Over the past several months, measles outbreaks have been rising to rates not seen in years. Outbreaks in Washington and New York have surpassed the total number of cases seen in 2018, according to the CDC.
In Washington, nearly 75 cases have been confirmed this year. And in New York, two separate outbreaks have brought about more than 350 confirmed cases. 214 have been confirmed in Queens and Brooklyn, with 155 more in the New York City suburb of Rockland County.
According to epidemiologist Jeff Doerr, these larger outbreaks are generally seen in areas where people avoid immunizations.
“With these groups, it’s around groups that have chosen not be vaccinated, either from religious purposes or own personal beliefs.”
In New York, many of the cases have involved Orthodox Jewish communities, according to the city.

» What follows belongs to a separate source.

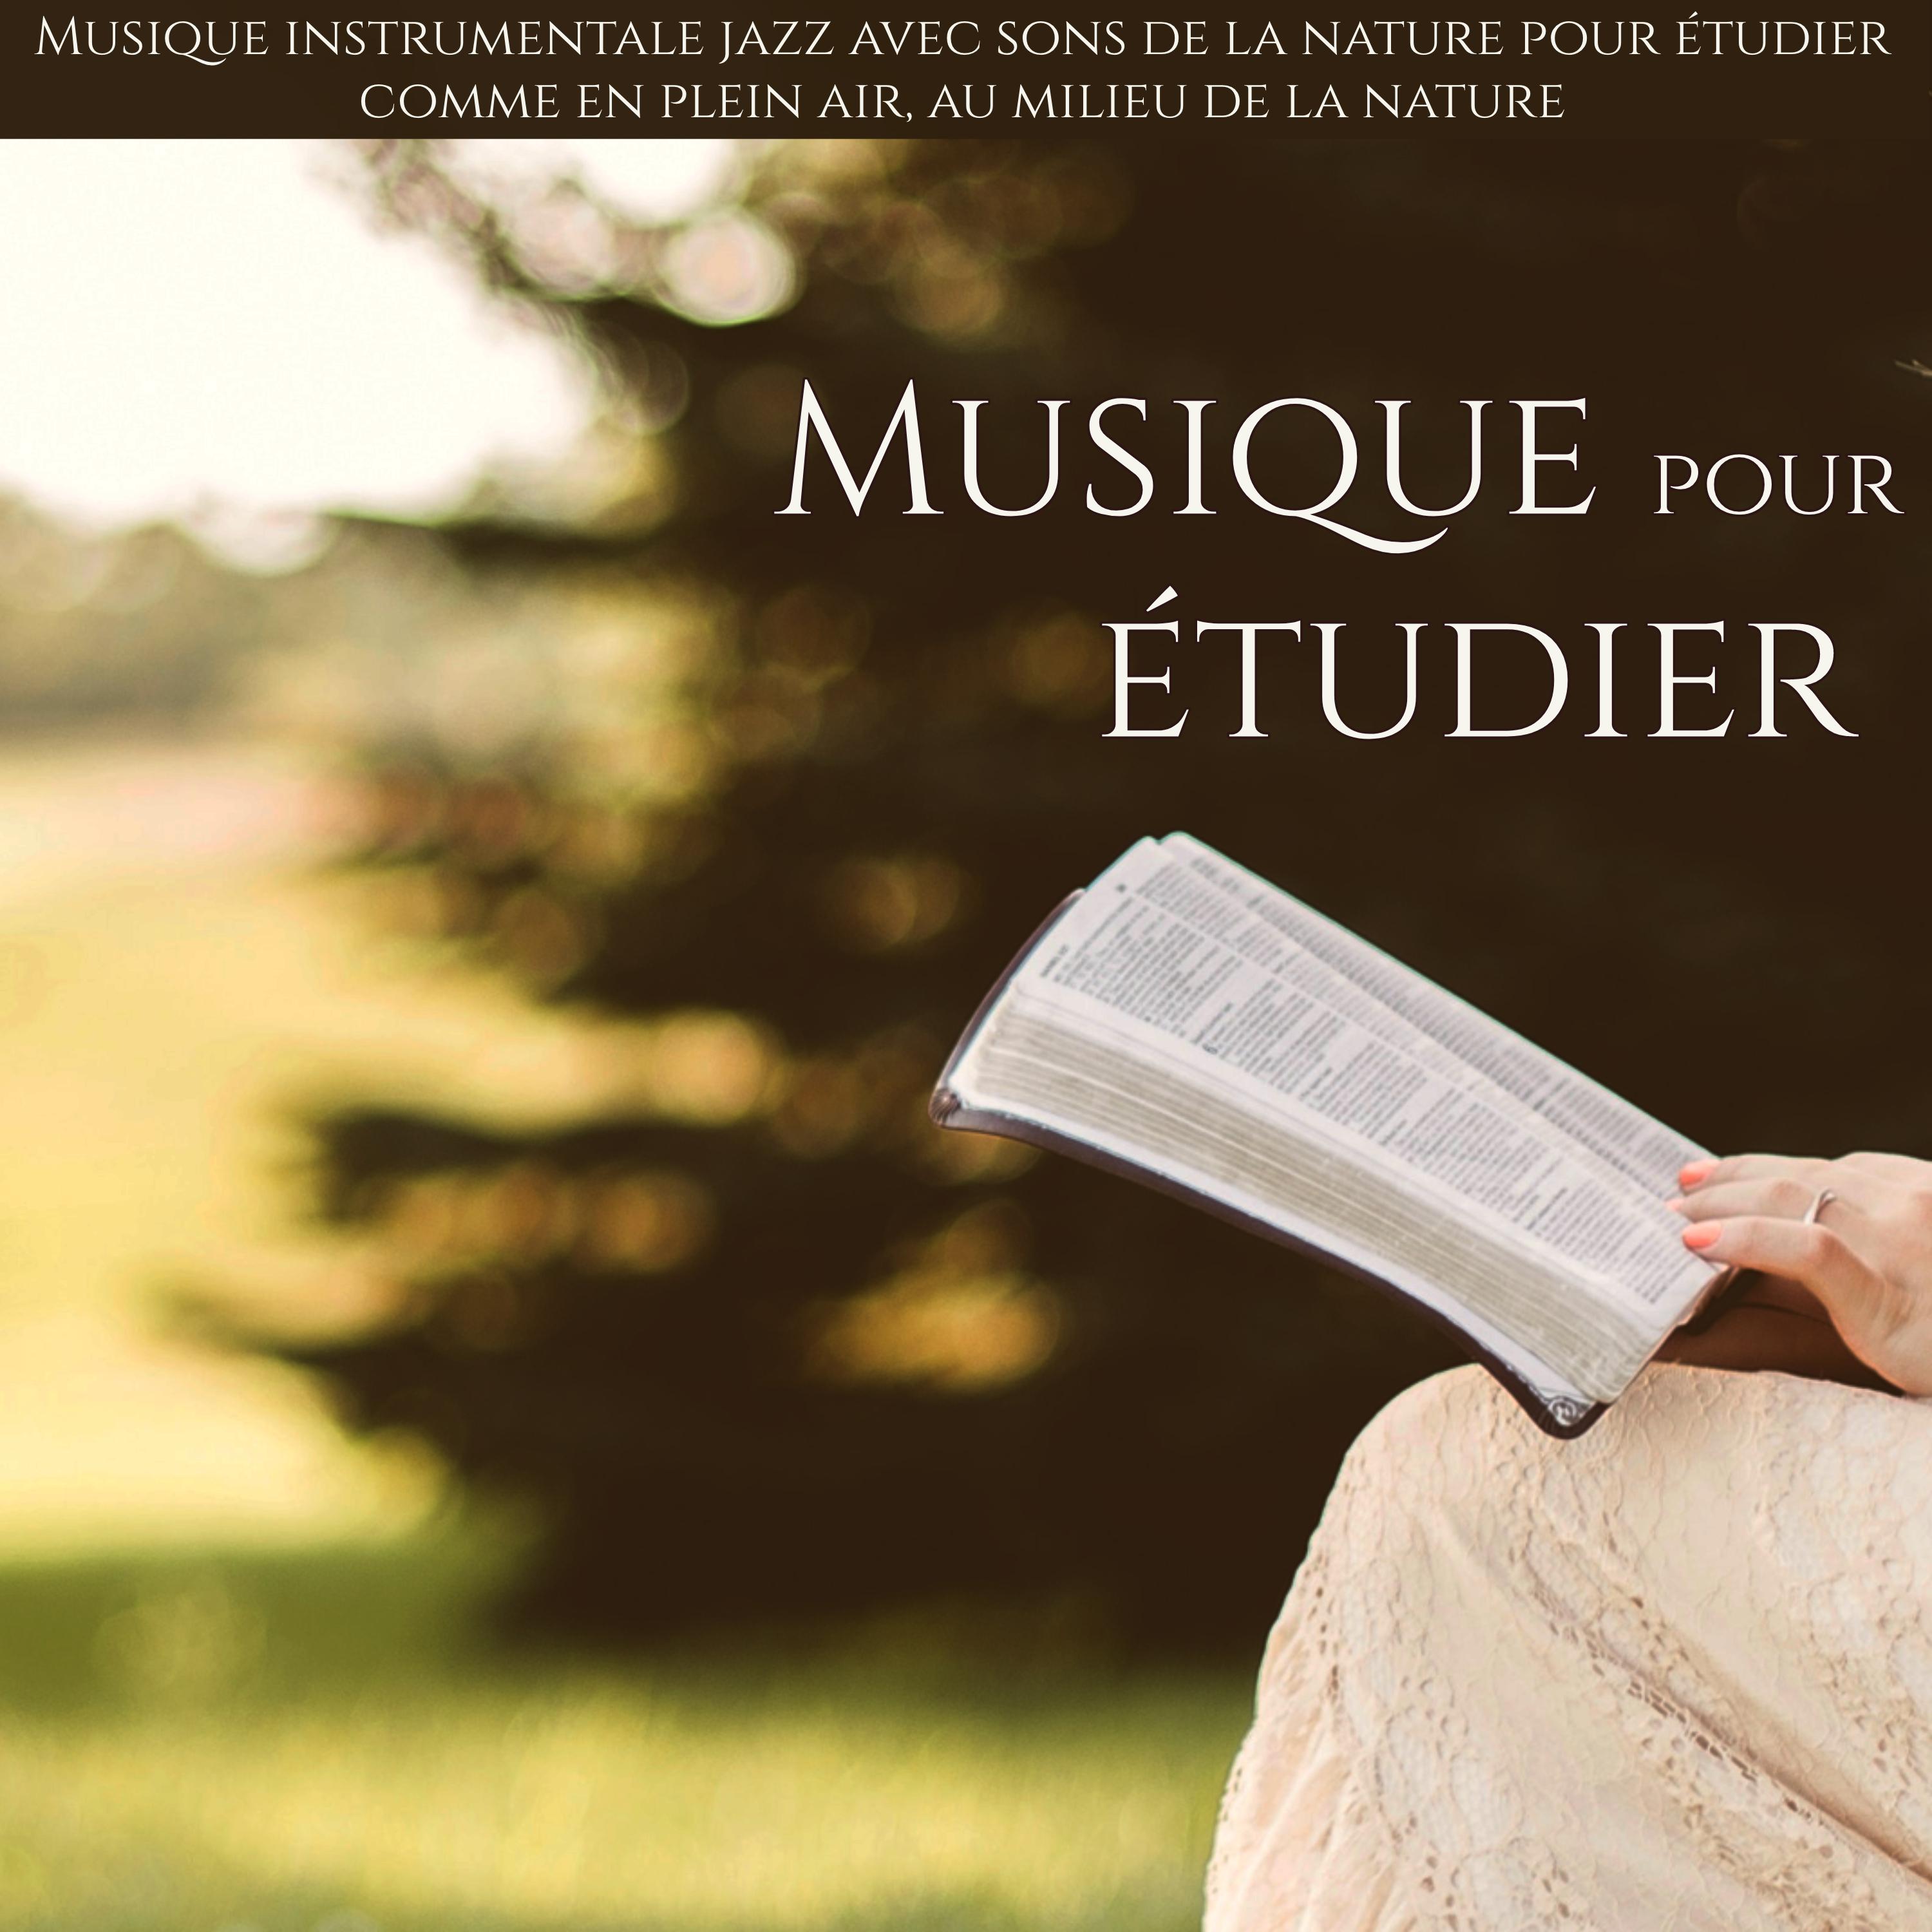 Musique pour e tudier  Musique instrumentale jazz avec sons de la nature pour e tudier comme en plein air, au milieu de la nature

Due to the fact that measles is so highly contagious, Doerr says the spread will expand quickly in areas with high numbers of people who are unvaccinated.
Rockland County declared a state of emergency on Tuesday, banning all unvaccinated children, under the age of 18, from public places.
Vaccinated or not, there is still a chance of you getting and spreading the disease.
The disease can be spread four days before symptoms even show up. In fact, you can spread the disease to someone without even being in the room with them.
“You could be in a room, share it, you could leave that room and that virus is still viable for a couple more hours,” Doerr explained. “Someone could come in, for a couple hours later, and still pick that up.”
Doerr said that one dose is expected to be about 90 percent effective and with two doses that effectiveness increases to 97 percent.
Though no vaccine is 100 percent effective, Doerr said a measles vaccination is generally considered a difference maker due to the low rate of contraction.
“There’s some people that don’t respond to them and there’s lots of variables that come into play,” Doerr explained. “But overall, it’s still a really good, solid vaccine.”
Statistically speaking, those who are unvaccinated have a very good chance of contraction, should they come in contact with it.
“So if you take ten people, every single one’s unvaccinated, by statistics, nine of them are going to pick this up,” Doerr said.
Although there was an outbreak in neighboring Washington, no cases have been confirmed in Idaho.